● Given records
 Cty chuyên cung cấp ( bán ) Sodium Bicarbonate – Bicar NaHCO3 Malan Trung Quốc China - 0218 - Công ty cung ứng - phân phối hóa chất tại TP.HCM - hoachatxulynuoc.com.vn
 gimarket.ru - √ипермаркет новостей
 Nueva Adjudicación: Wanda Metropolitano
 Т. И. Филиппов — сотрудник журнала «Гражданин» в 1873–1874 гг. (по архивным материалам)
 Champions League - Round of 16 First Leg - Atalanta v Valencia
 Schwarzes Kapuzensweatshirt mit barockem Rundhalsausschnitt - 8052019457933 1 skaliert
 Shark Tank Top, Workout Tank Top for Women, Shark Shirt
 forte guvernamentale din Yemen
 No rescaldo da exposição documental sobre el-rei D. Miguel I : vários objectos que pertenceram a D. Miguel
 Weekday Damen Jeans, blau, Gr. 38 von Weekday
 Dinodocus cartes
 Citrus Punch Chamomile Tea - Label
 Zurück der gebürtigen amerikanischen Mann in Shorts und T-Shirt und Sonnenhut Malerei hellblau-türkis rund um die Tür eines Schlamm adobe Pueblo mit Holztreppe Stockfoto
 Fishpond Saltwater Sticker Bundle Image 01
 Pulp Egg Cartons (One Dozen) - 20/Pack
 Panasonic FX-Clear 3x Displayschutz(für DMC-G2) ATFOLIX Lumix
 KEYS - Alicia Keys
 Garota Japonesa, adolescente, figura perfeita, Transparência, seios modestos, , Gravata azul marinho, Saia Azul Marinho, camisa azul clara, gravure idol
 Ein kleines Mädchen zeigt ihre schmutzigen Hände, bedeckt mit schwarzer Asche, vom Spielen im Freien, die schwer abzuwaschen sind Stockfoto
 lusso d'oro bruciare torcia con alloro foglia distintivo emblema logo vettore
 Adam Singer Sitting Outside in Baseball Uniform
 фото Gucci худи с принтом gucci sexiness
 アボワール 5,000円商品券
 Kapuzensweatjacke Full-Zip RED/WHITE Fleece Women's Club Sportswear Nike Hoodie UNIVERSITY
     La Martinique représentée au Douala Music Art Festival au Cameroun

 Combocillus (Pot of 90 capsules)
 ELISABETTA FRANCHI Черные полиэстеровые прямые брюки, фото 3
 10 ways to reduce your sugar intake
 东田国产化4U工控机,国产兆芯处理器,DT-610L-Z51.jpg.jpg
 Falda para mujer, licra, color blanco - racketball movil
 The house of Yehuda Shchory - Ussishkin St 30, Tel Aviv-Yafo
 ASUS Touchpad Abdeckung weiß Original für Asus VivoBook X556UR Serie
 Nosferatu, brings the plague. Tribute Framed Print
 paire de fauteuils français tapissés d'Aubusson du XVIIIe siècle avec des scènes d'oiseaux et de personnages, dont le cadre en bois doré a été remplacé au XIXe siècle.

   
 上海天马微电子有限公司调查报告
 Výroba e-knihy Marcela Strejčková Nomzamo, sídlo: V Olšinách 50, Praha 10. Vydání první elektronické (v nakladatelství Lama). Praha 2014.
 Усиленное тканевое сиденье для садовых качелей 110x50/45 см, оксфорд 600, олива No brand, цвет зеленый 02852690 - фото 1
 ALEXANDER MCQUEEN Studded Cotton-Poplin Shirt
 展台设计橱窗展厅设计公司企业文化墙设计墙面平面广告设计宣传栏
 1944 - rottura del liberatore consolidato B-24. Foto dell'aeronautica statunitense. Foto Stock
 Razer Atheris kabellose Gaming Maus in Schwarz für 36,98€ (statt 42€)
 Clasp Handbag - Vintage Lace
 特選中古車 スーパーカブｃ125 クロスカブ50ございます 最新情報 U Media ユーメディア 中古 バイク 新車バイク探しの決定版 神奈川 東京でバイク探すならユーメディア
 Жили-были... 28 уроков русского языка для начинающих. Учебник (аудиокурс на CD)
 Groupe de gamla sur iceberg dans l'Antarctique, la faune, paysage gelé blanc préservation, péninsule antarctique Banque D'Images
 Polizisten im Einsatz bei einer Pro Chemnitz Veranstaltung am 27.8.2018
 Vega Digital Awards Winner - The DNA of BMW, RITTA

● Instructions for the task
Only the lines above, from the first through the one holding "Nueva Adjudicación: Wanda Metropolitano", are to be output, and they must be copied exactly.

● Response to the exercise
 Cty chuyên cung cấp ( bán ) Sodium Bicarbonate – Bicar NaHCO3 Malan Trung Quốc China - 0218 - Công ty cung ứng - phân phối hóa chất tại TP.HCM - hoachatxulynuoc.com.vn
 gimarket.ru - √ипермаркет новостей
 Nueva Adjudicación: Wanda Metropolitano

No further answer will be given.